Cranberry Pecan Wild Rice Pilaf is a delicious one pot seasoned rice dish with dried cranberries and chopped pecans.
This wild rice pilaf is one of the most delicious rice dishes I have ever had. Its such a great side dish, and is perfect for a holiday dinner, or just a dinner in with the family that you want to spruce up a little.
The rice is packed full of flavor, because of the chicken broth and apple juice you cook it in, instead of just using water. Its seasoned with butter, salt and pepper, oregano and rosemary too. And then you’ll mix in some cranberries and pecans at the end. The pecans taste extra good when they’ve been toasted.
Its one of my favorite type of dishes, because its made in one pot, which means easy clean up, and is ready in about 50 minutes, but you only need to spend about 5 minutes of that actually in the kitchen. Most of that time the rice is just simmering, and cooking, you just need to check on it occasionally to make sure the liquid doesn’t fully dry up or else the rice will burn to the pan.
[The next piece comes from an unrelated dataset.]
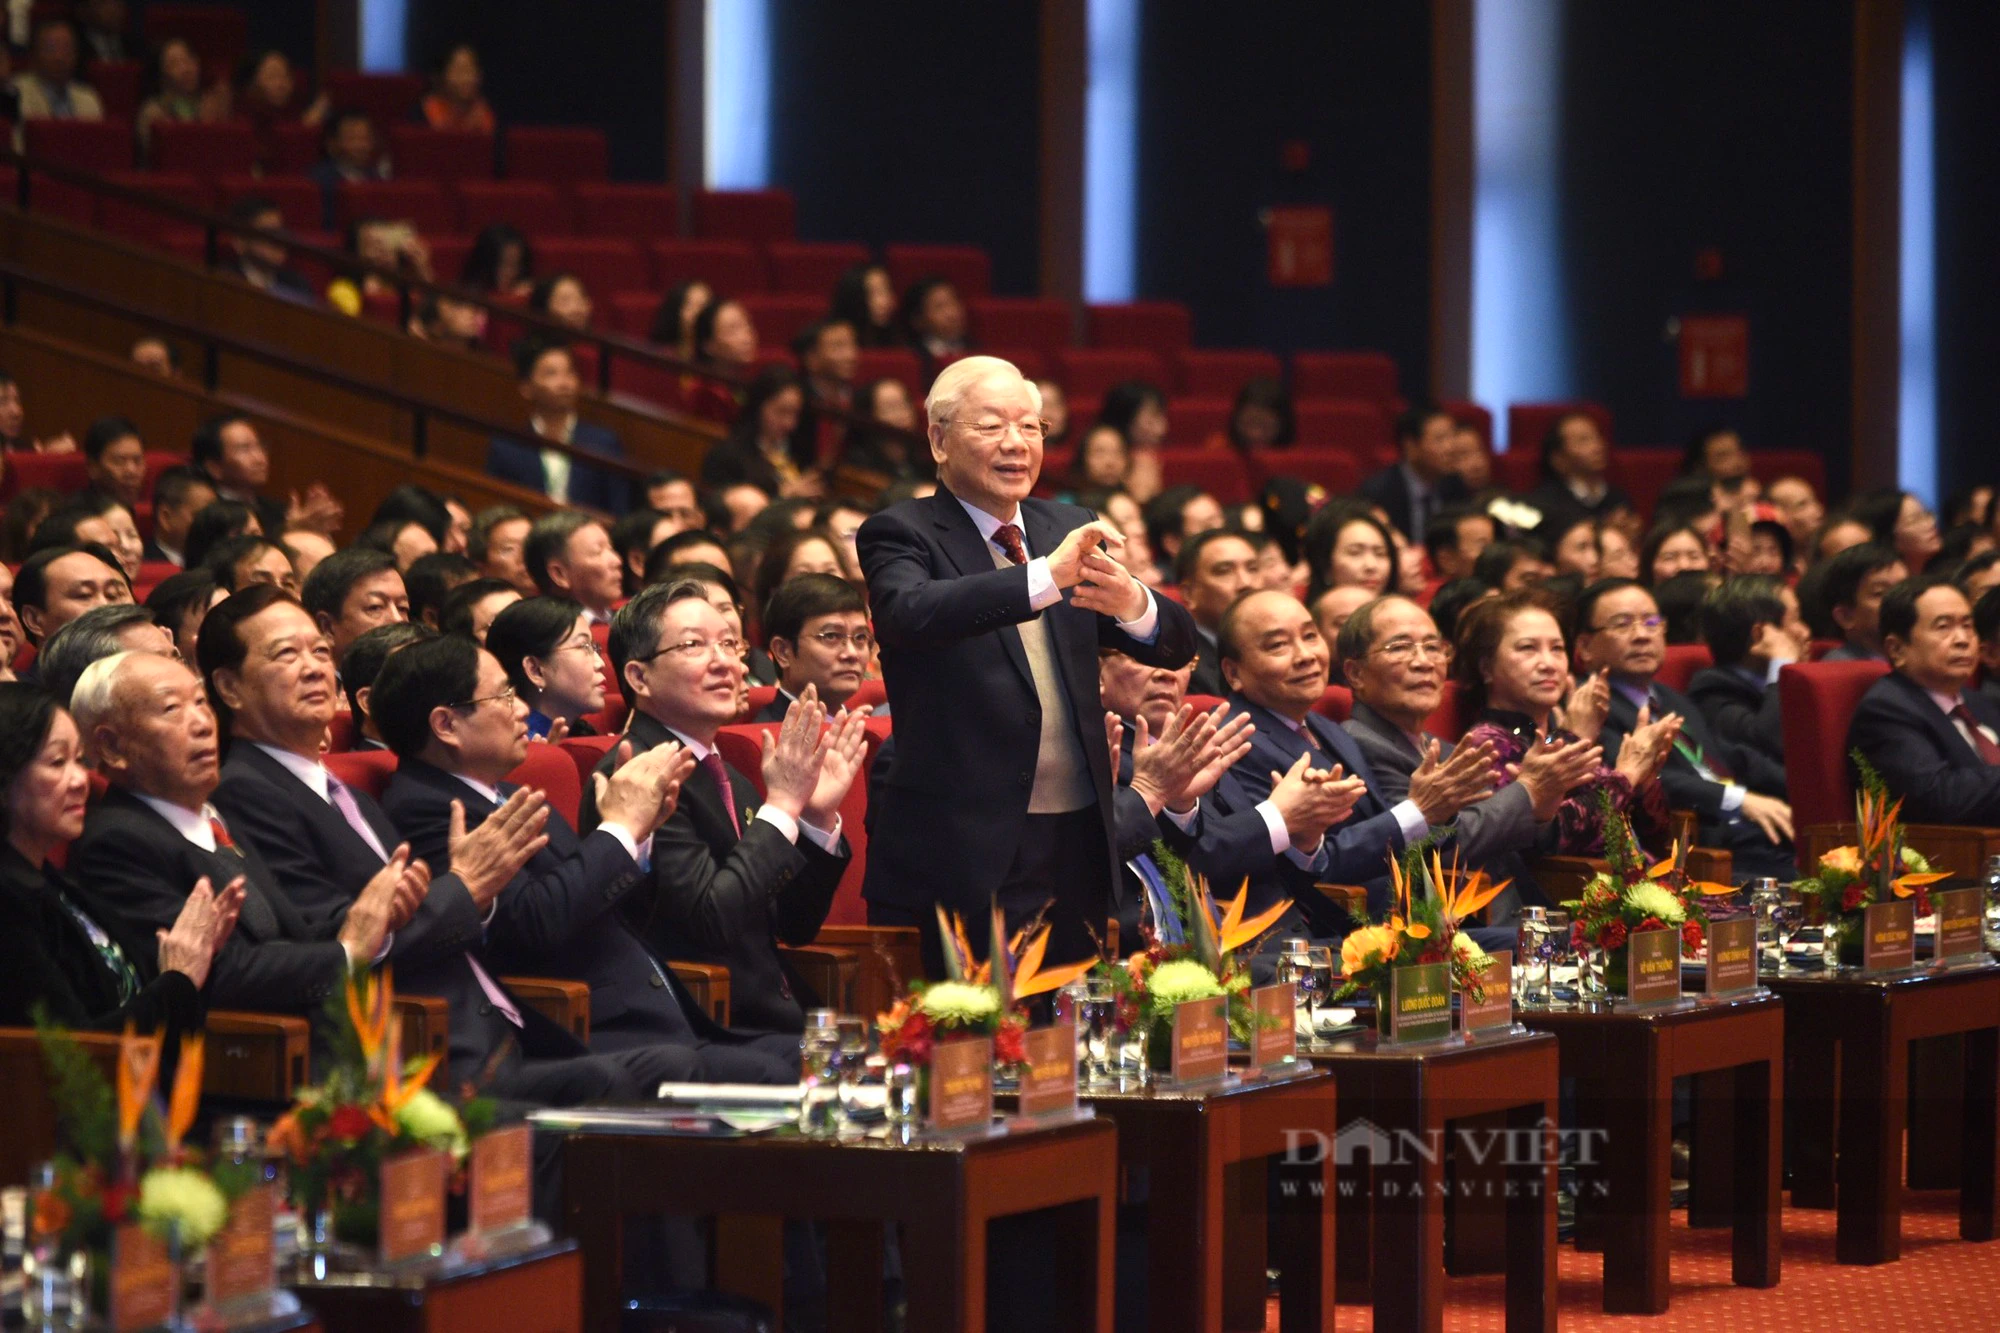 Toàn văn bài phát biểu của Tổng Bí thư Nguyễn Phú Trọng tại Đại hội đại biểu toàn quốc Hội NDVN lần thứ VIII - Ảnh 2.

- 1 1/2 cups chicken broth
- 1 1/2 cups apple juice (100% juice)
- 2 TBS butter
- 1/2 tsp salt
- 1/2 tsp pepper
- 1/2 tsp dried oregano
- 1 tsp chopped fresh rosemary (or dried)
- 1 cup wild rice blend
- 1/2 cup dried cranberries
- 1/2 cup chopped pecans
- 1 TBS apple cider vinegar
- Combine chicken broth, apple juice, butter, salt, pepper, oregano, and rosemary in a large nonstick pot. Bring to a boil over medium heat.
- Add rice and cover, reducing the heat to low. Simmer for about 45 minutes, until rice is tender. Check occasionally to add more liquid if necessary.
- Once cooked, drain any extra liquid out. Fluff rice with a fork.
- Add cranberries and pecans to the rice. Add apple cider vinegar. Toss everything evenly to combine.
- Season with more salt and pepper, if desired.